NOTE: Primarily for the convenience of code that looks at the ELF file at runtime, the ELF data structures are intended to have the same byte order as that of the running program.
A file's data encoding specifies how to interpret the basic objects in a file. Class ELFCLASS32 files use objects that occupy 1, 2, and 4 bytes. Class ELFCLASS64 files use objects that occupy 1, 2, 4, and 8 bytes. Under the defined encodings, objects are represented as shown below.

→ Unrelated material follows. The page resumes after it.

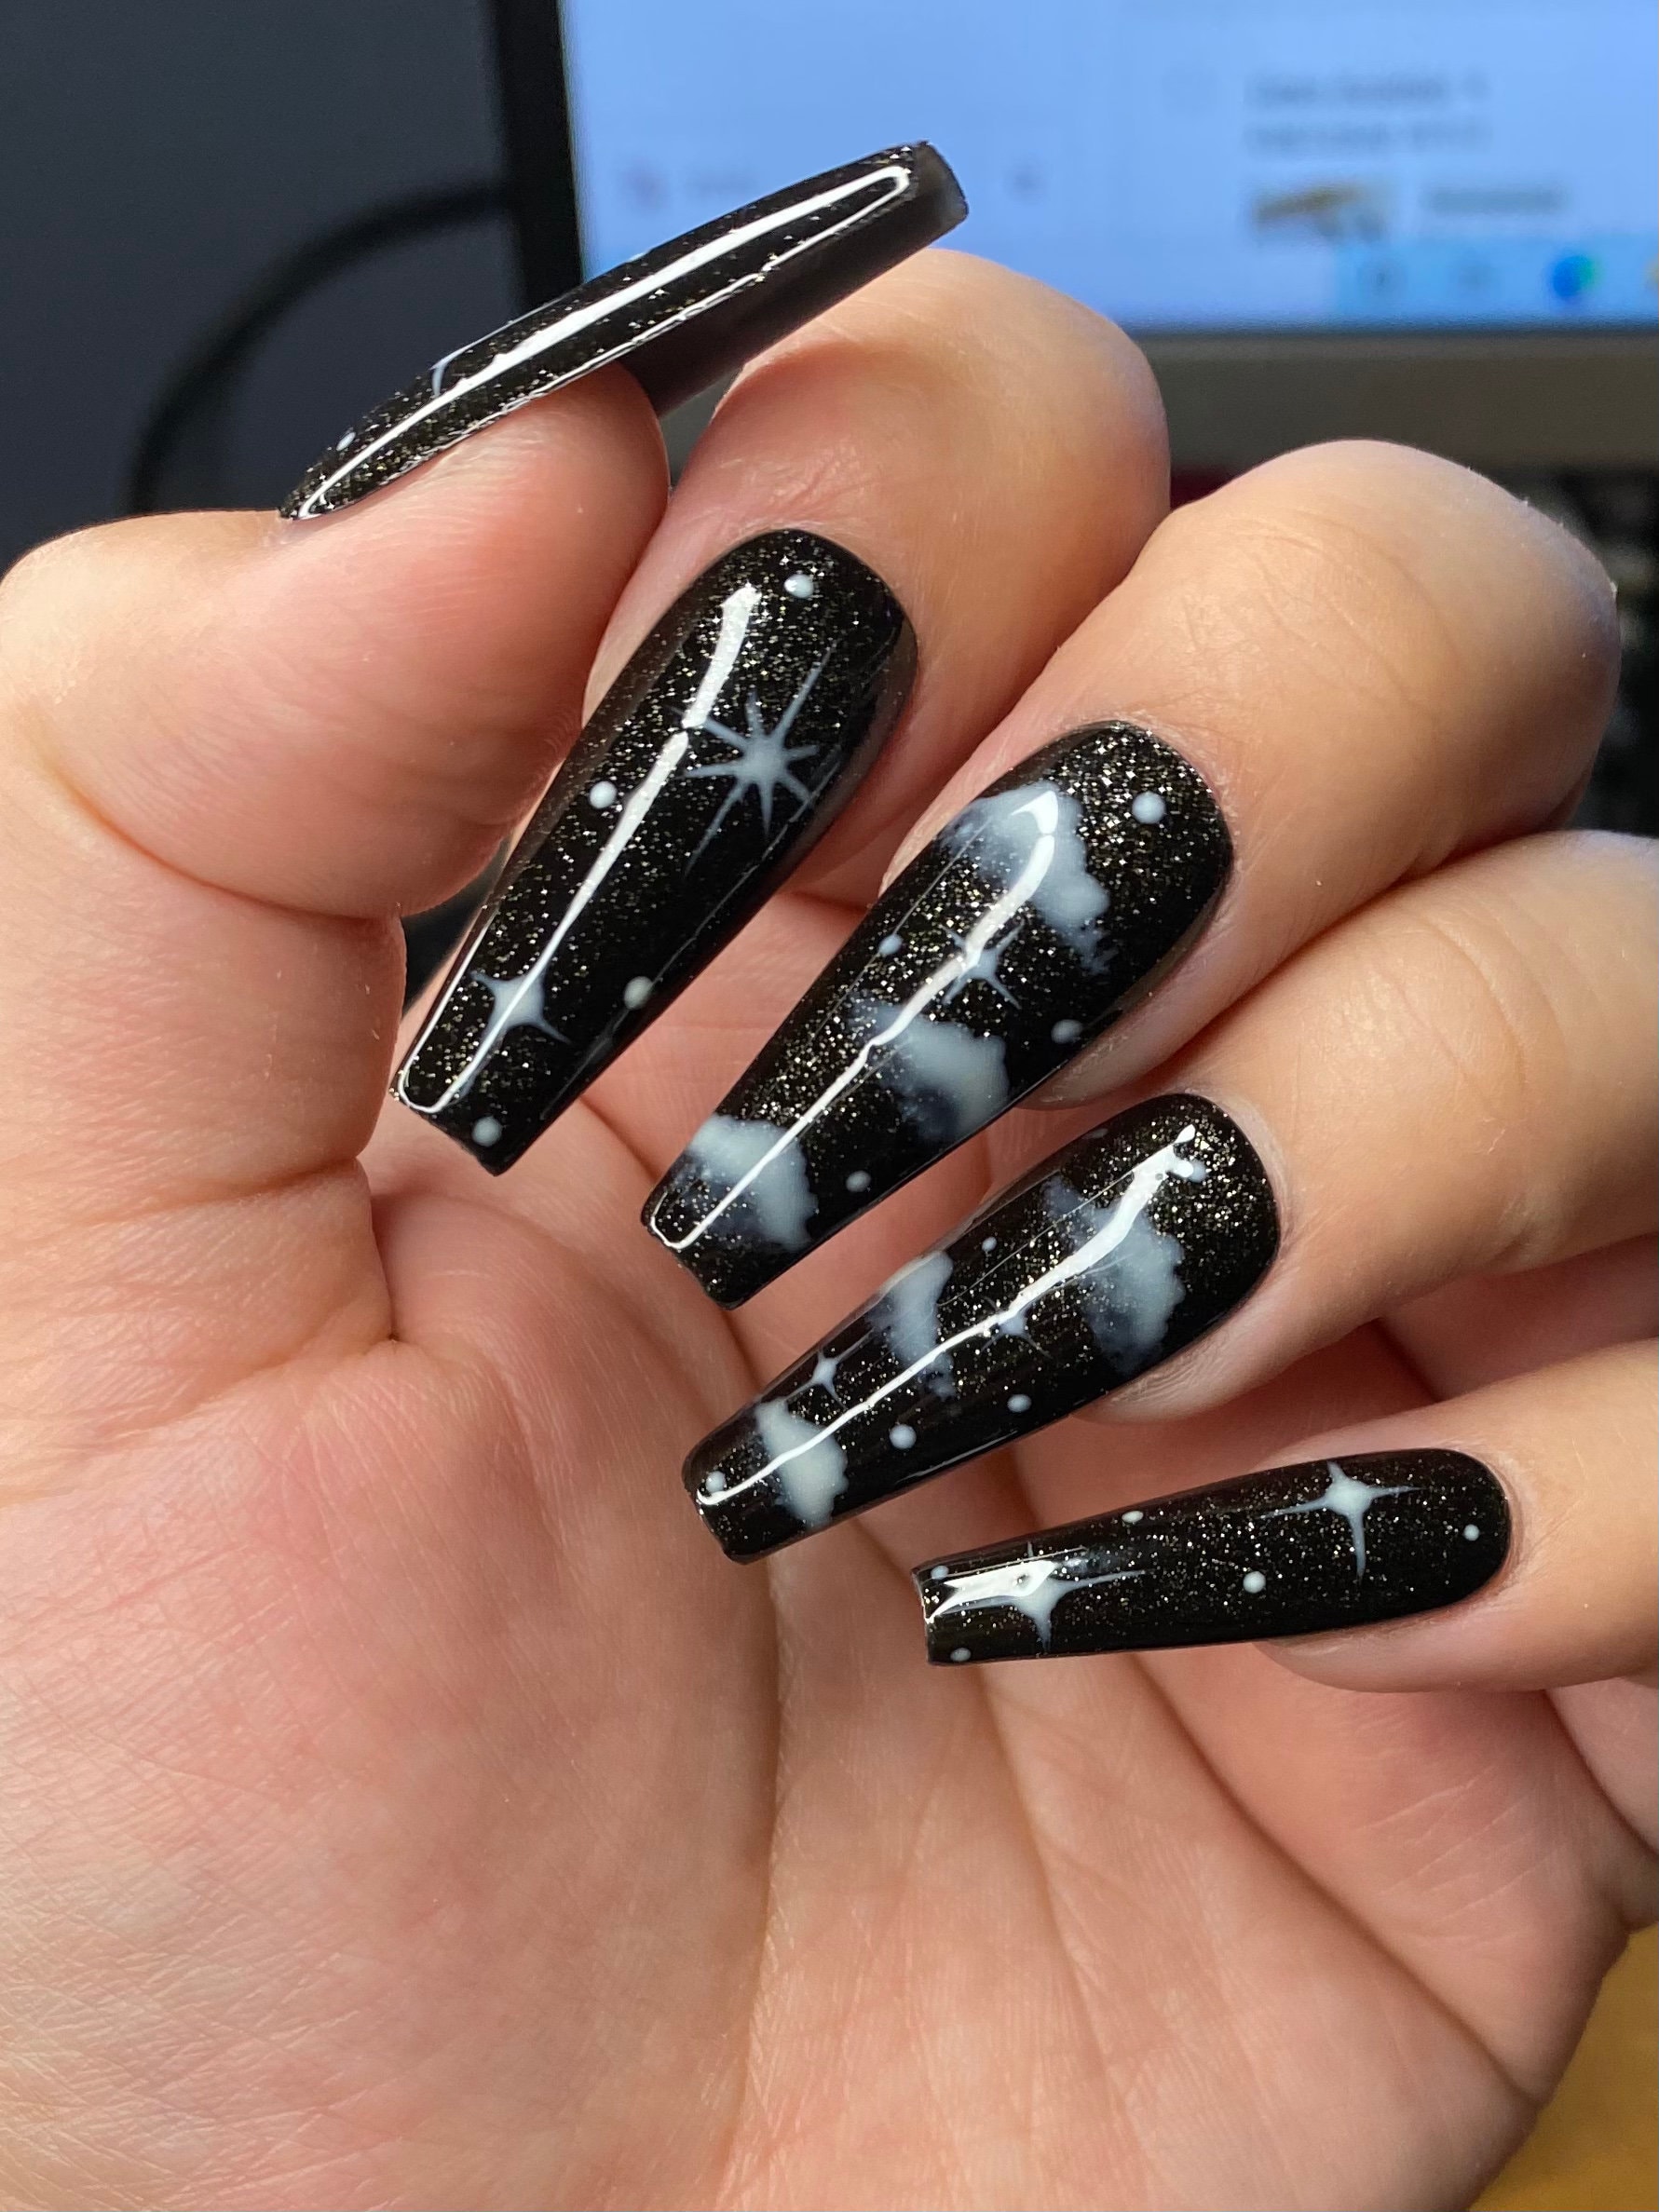 CakesInc.Nails - V L Black Negative Space 'NAIL DECALS, ♡ NAIL DECALS ♡

Encoding ELFDATA2LSB specifies 2's complement values, with
the least significant byte occupying the lowest address.
01 |
0x01
02 | 01 |
0x0102
04 | 03 | 02 | 01 |
0x01020304
08 | 07 | 06 | 05 | 04 | 03 | 02 | 01 |
0x0102030405060708
Data Encoding ELFDATA2LSB, byte address zero on the left
Encoding ELFDATA2MSB specifies 2's complement values, with
the most significant byte occupying the lowest address.
01 |
0x01
01 | 02 |
0x0102
01 | 02 | 03 | 04 |
0x01020304
01 | 02 | 03 | 04 | 05 | 06 | 07 | 08 |
0x0102030405060708
Data Encoding ELFDATA2MSB, byte address zero on the left
NOTE: This section requires processor-specific information. The ABI supplement for the desired processor describes the details.